== Segment start ==

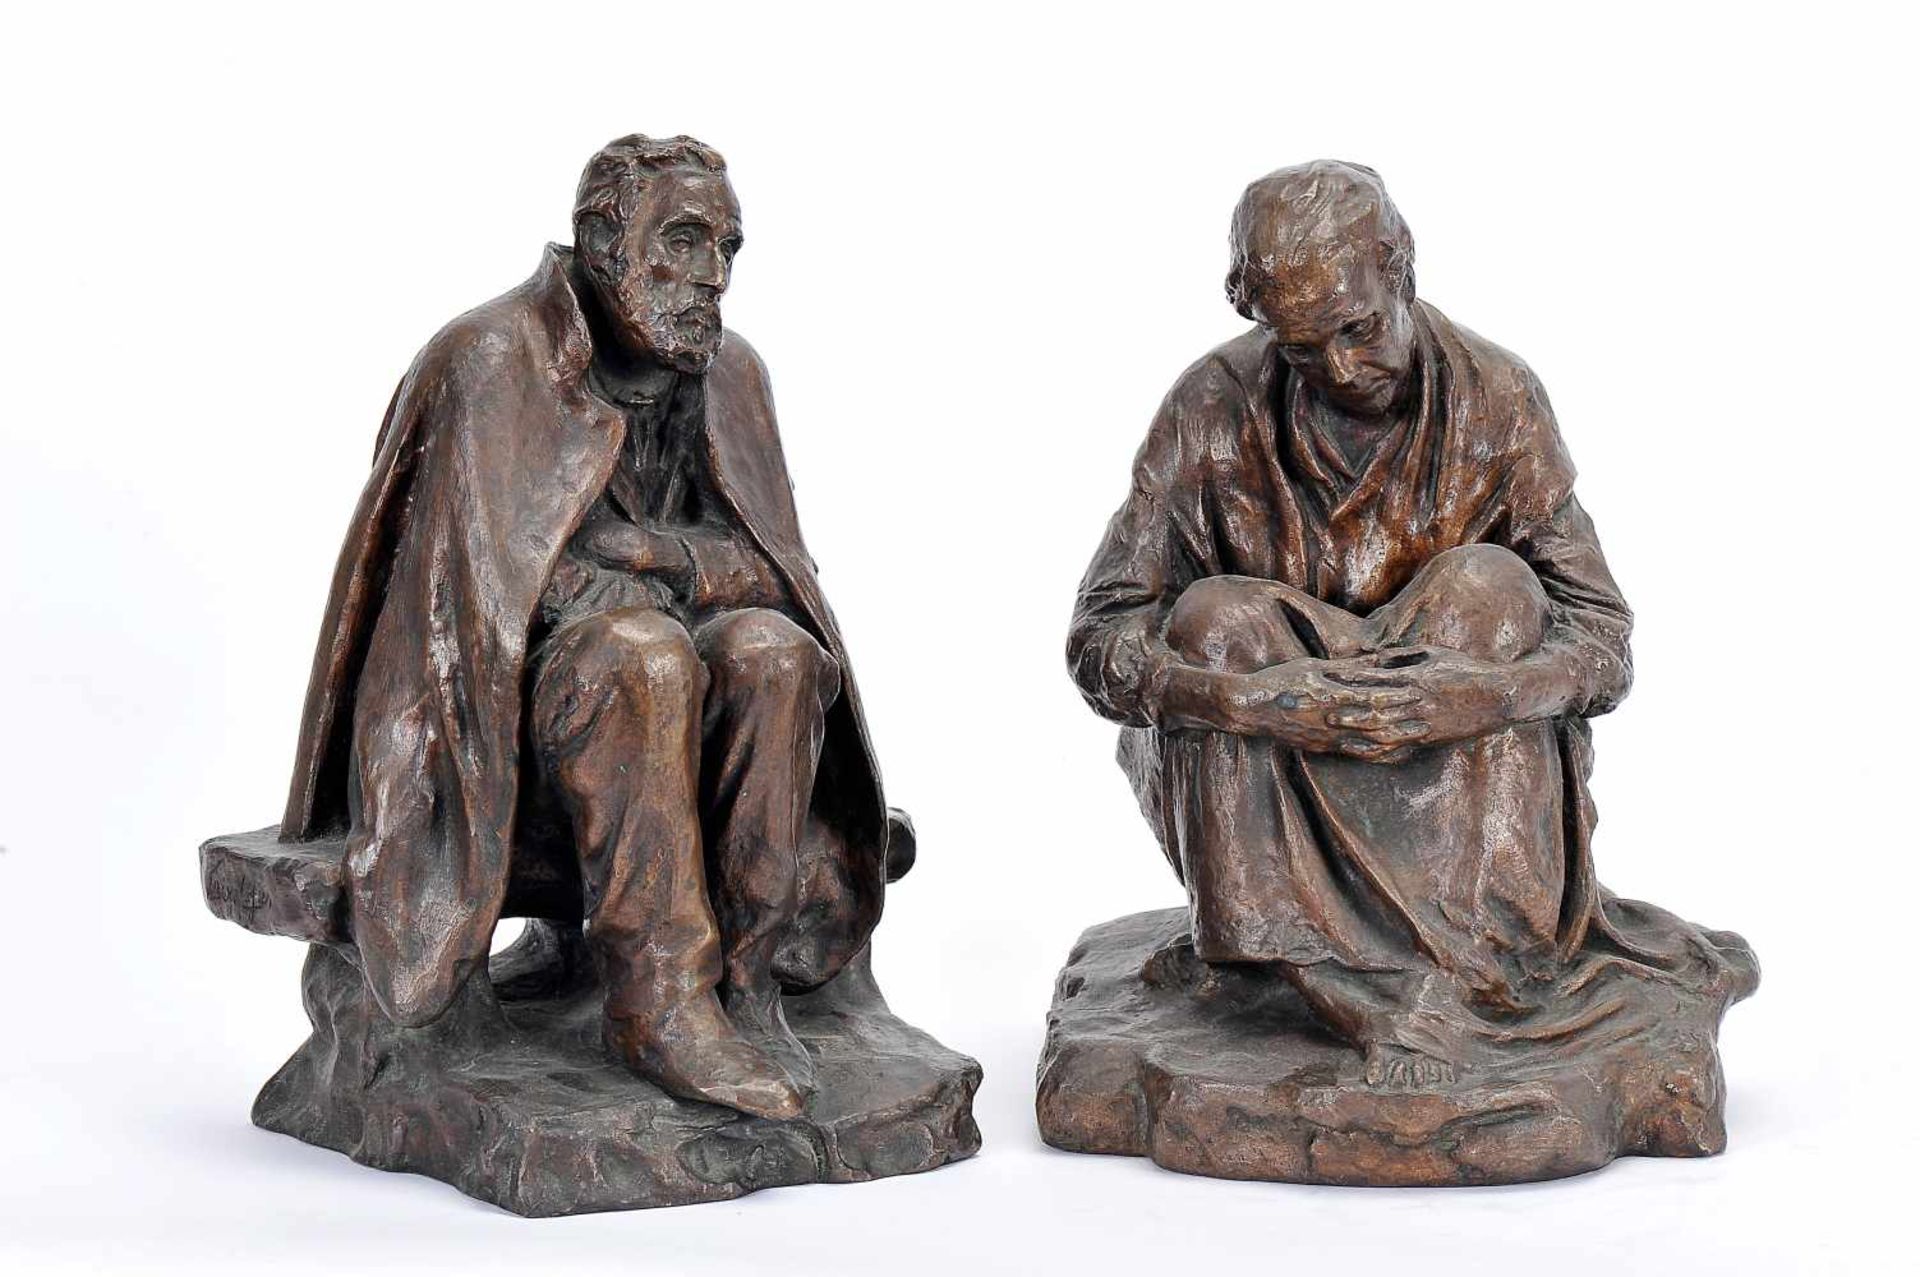 ANTÓNIO TEIXEIRA LOPES - 1866-1942, Elders, a pair of bronze sculptures, signed, one dated 1911,
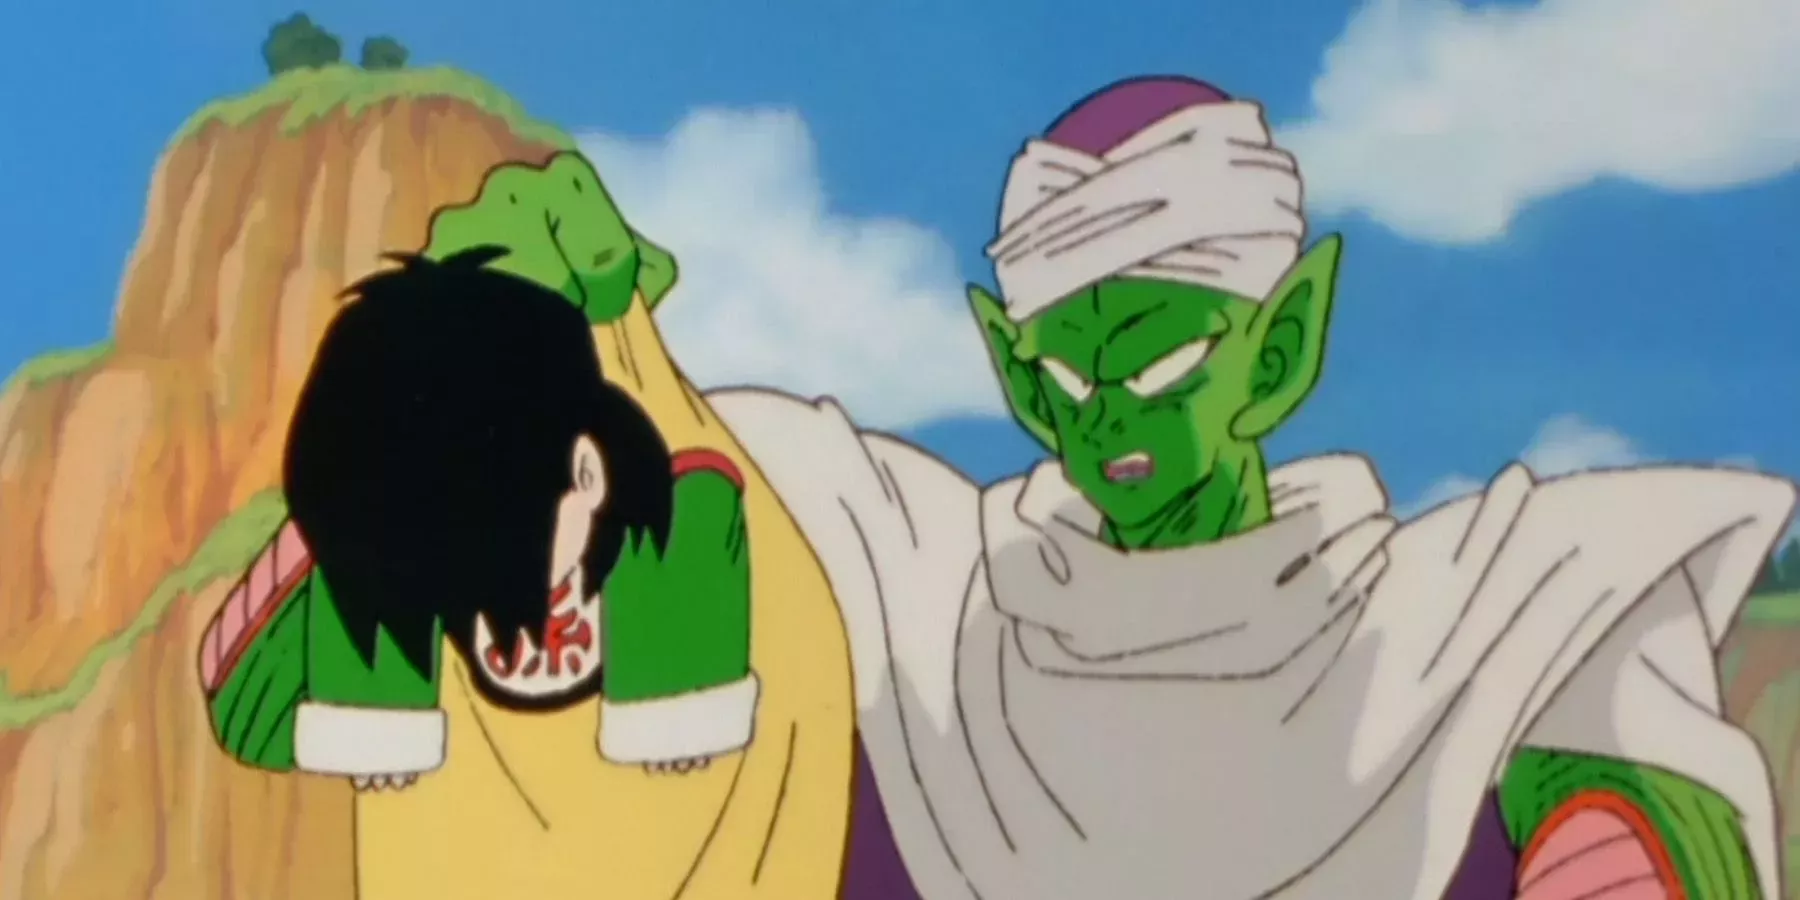 Piccolo holds up Gohan during training in Dragon Ball Z.
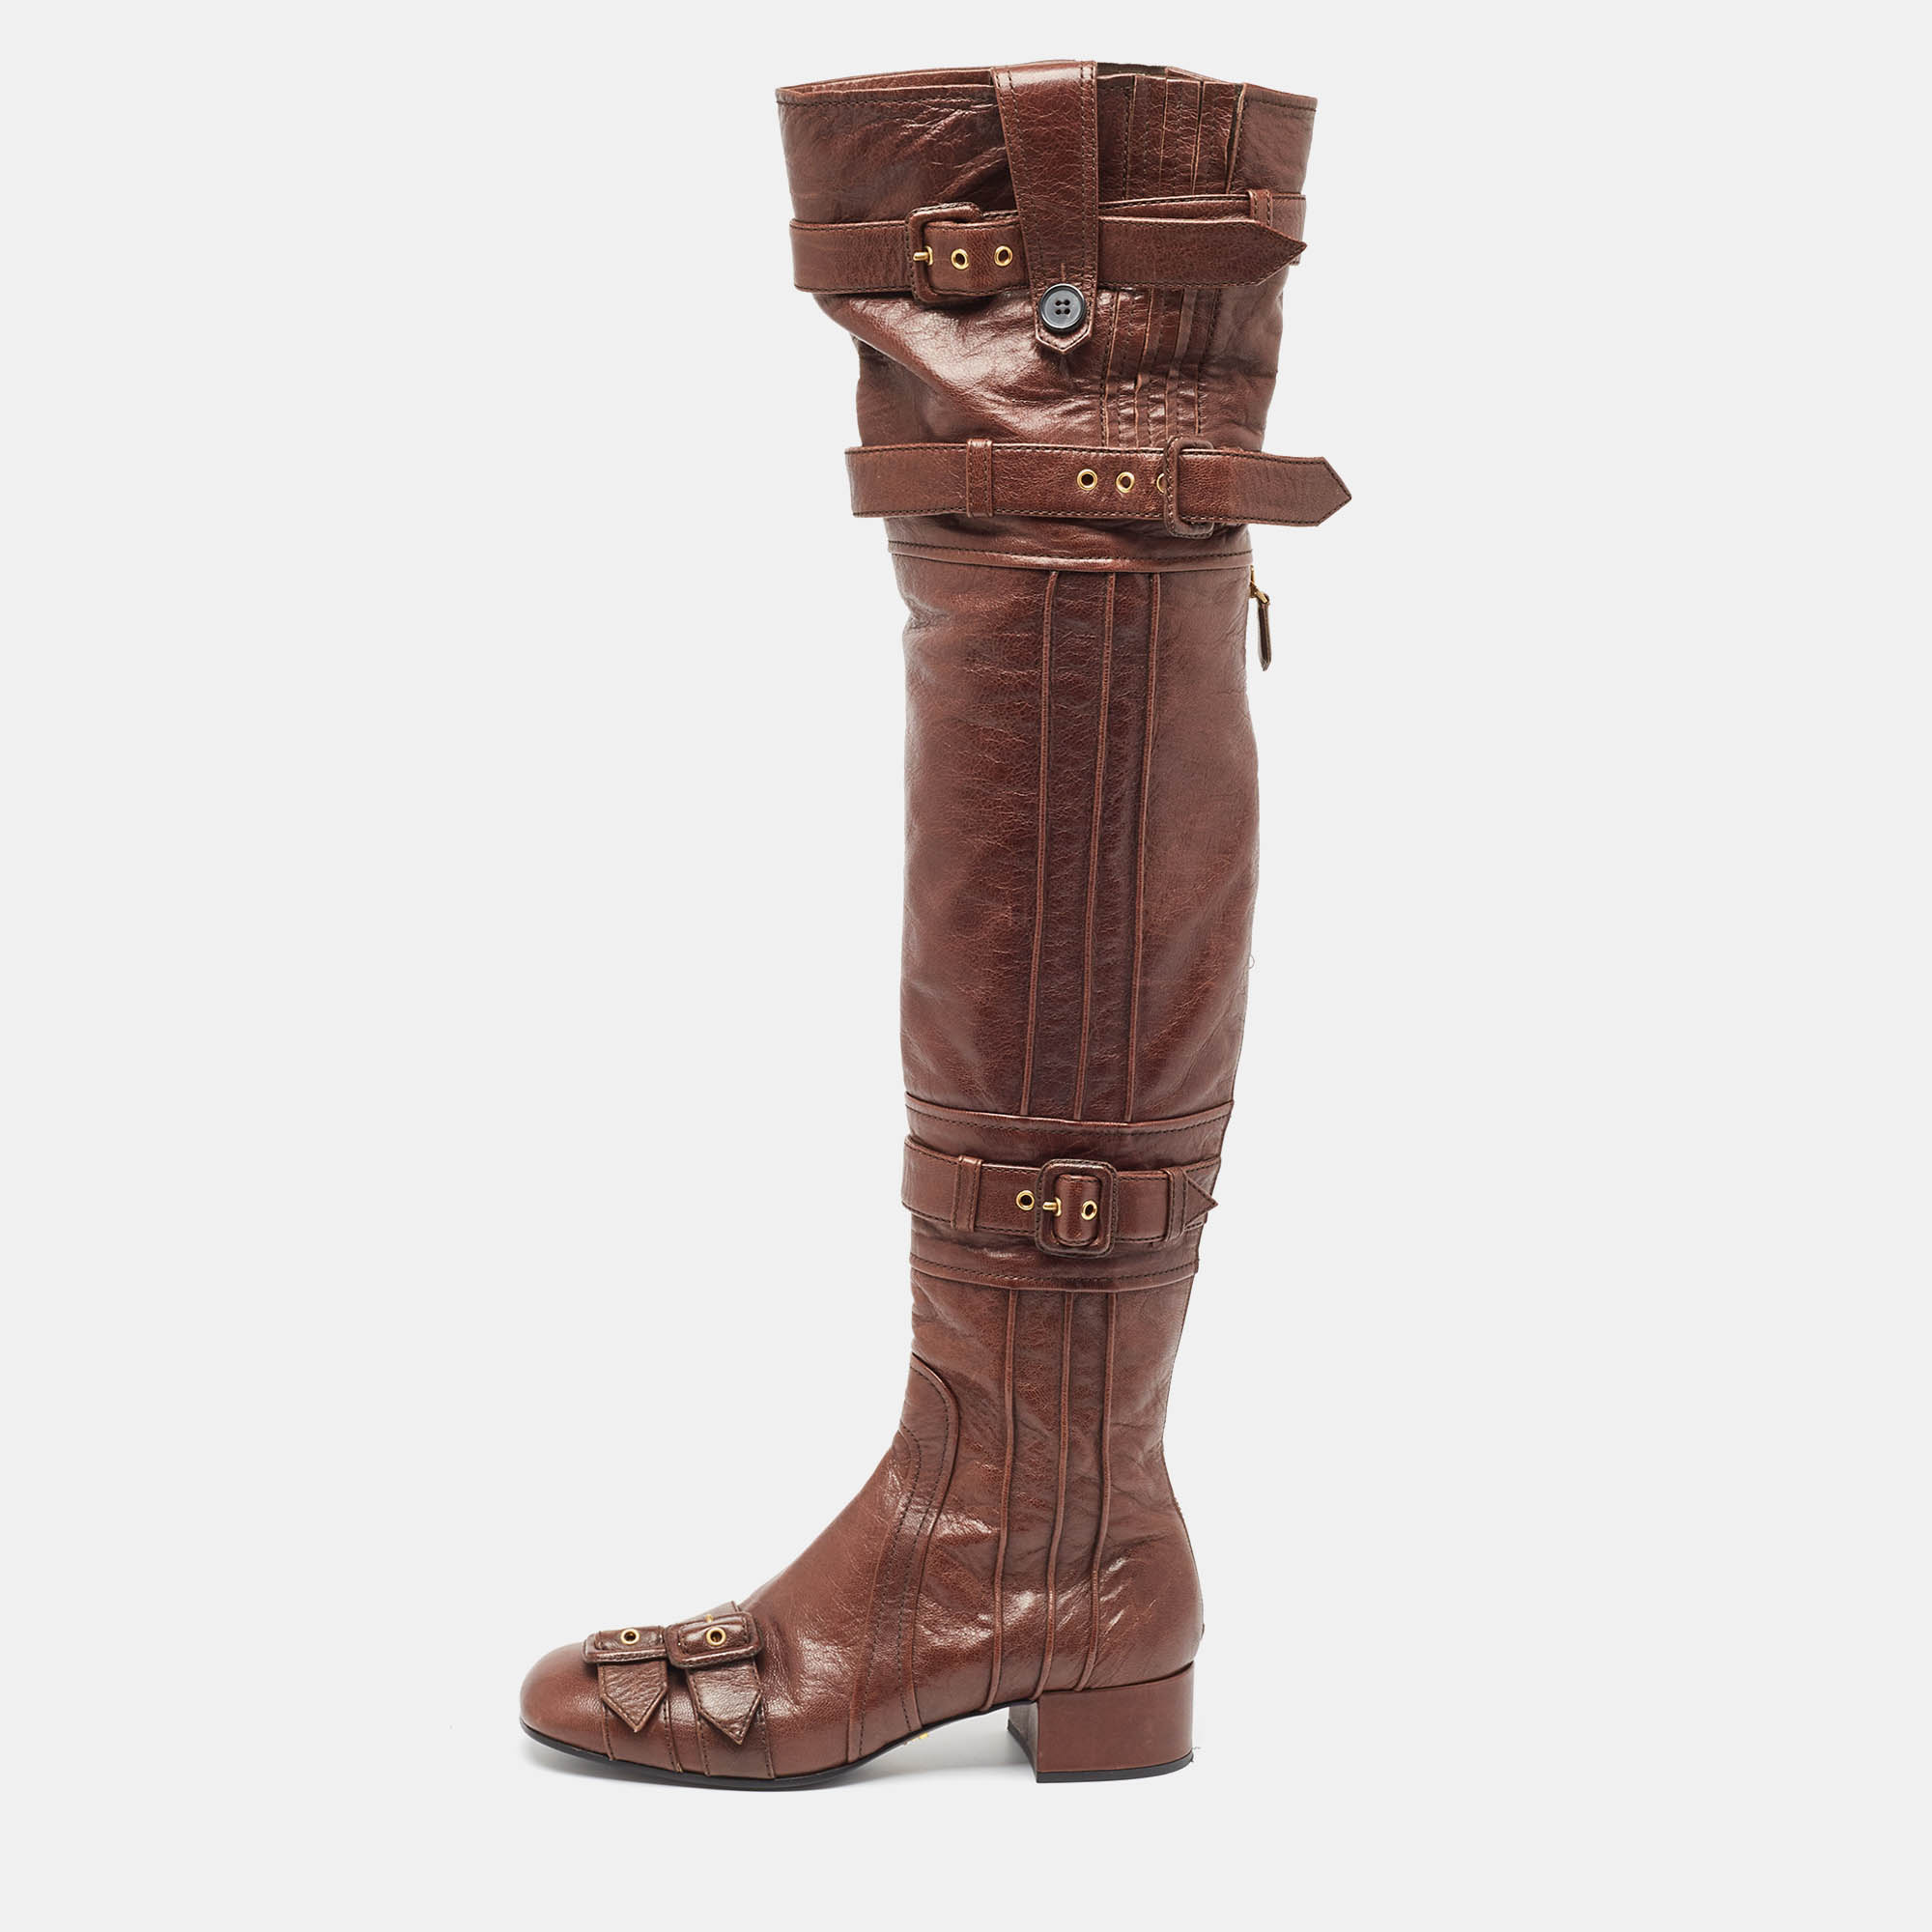 Prada brown leather buckle over the knee boots size 39
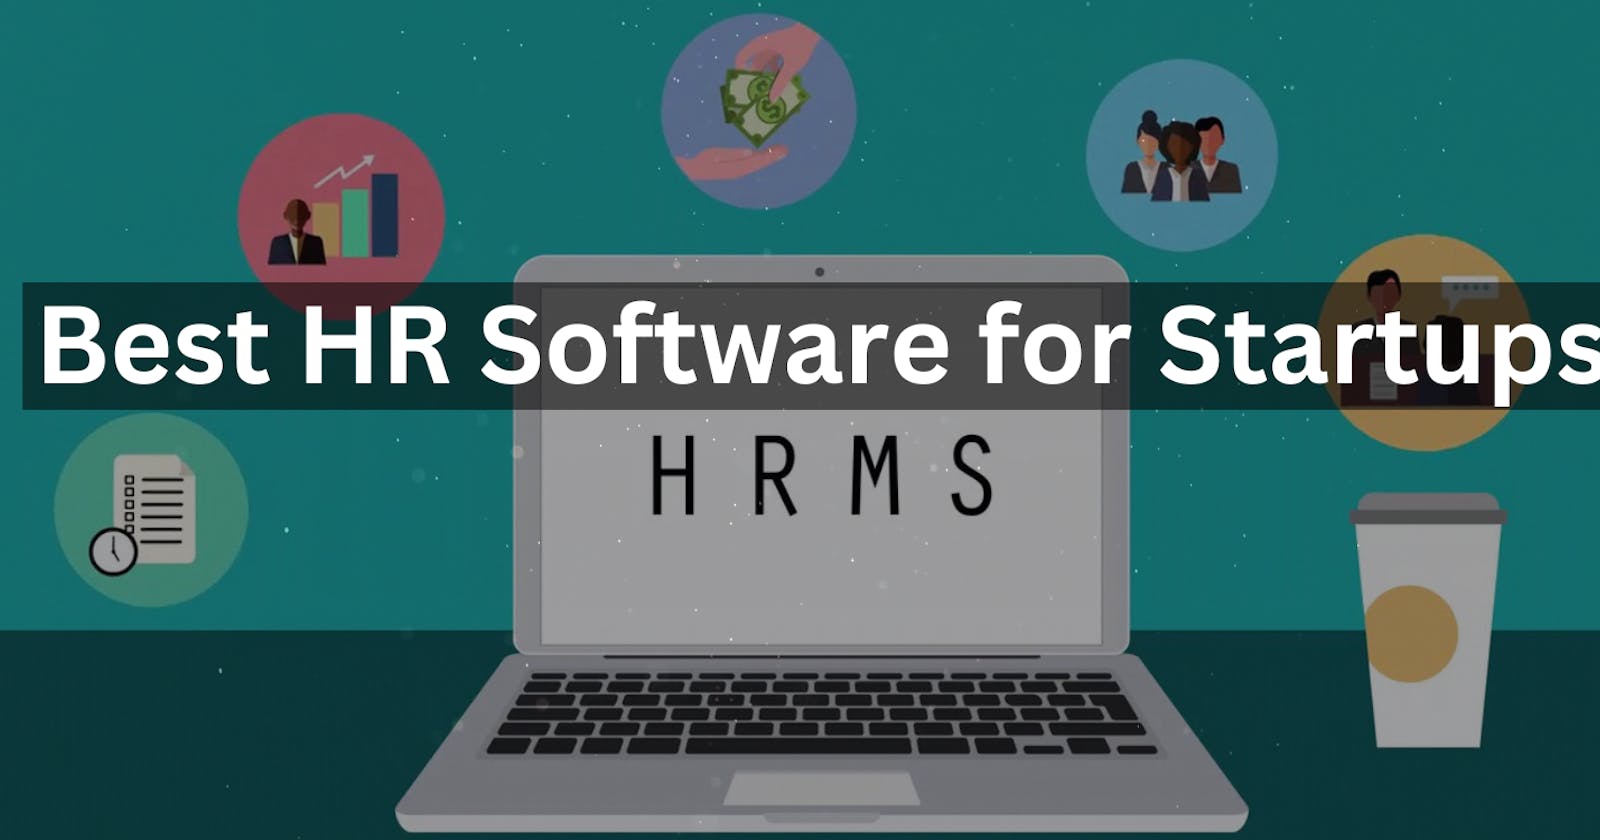 Which is the best HR software for startups?

== Segment end ==

> _Task details_:
Word for word, write out the whole listing, keeping none of the pictures.

> _Result below_:
 ANTÓNIO TEIXEIRA LOPES - 1866-1942, Elders, a pair of bronze sculptures, signed, one dated 1911,
 Piccolo holds up Gohan during training in Dragon Ball Z.
 Prada brown leather buckle over the knee boots size 39
 Which is the best HR software for startups?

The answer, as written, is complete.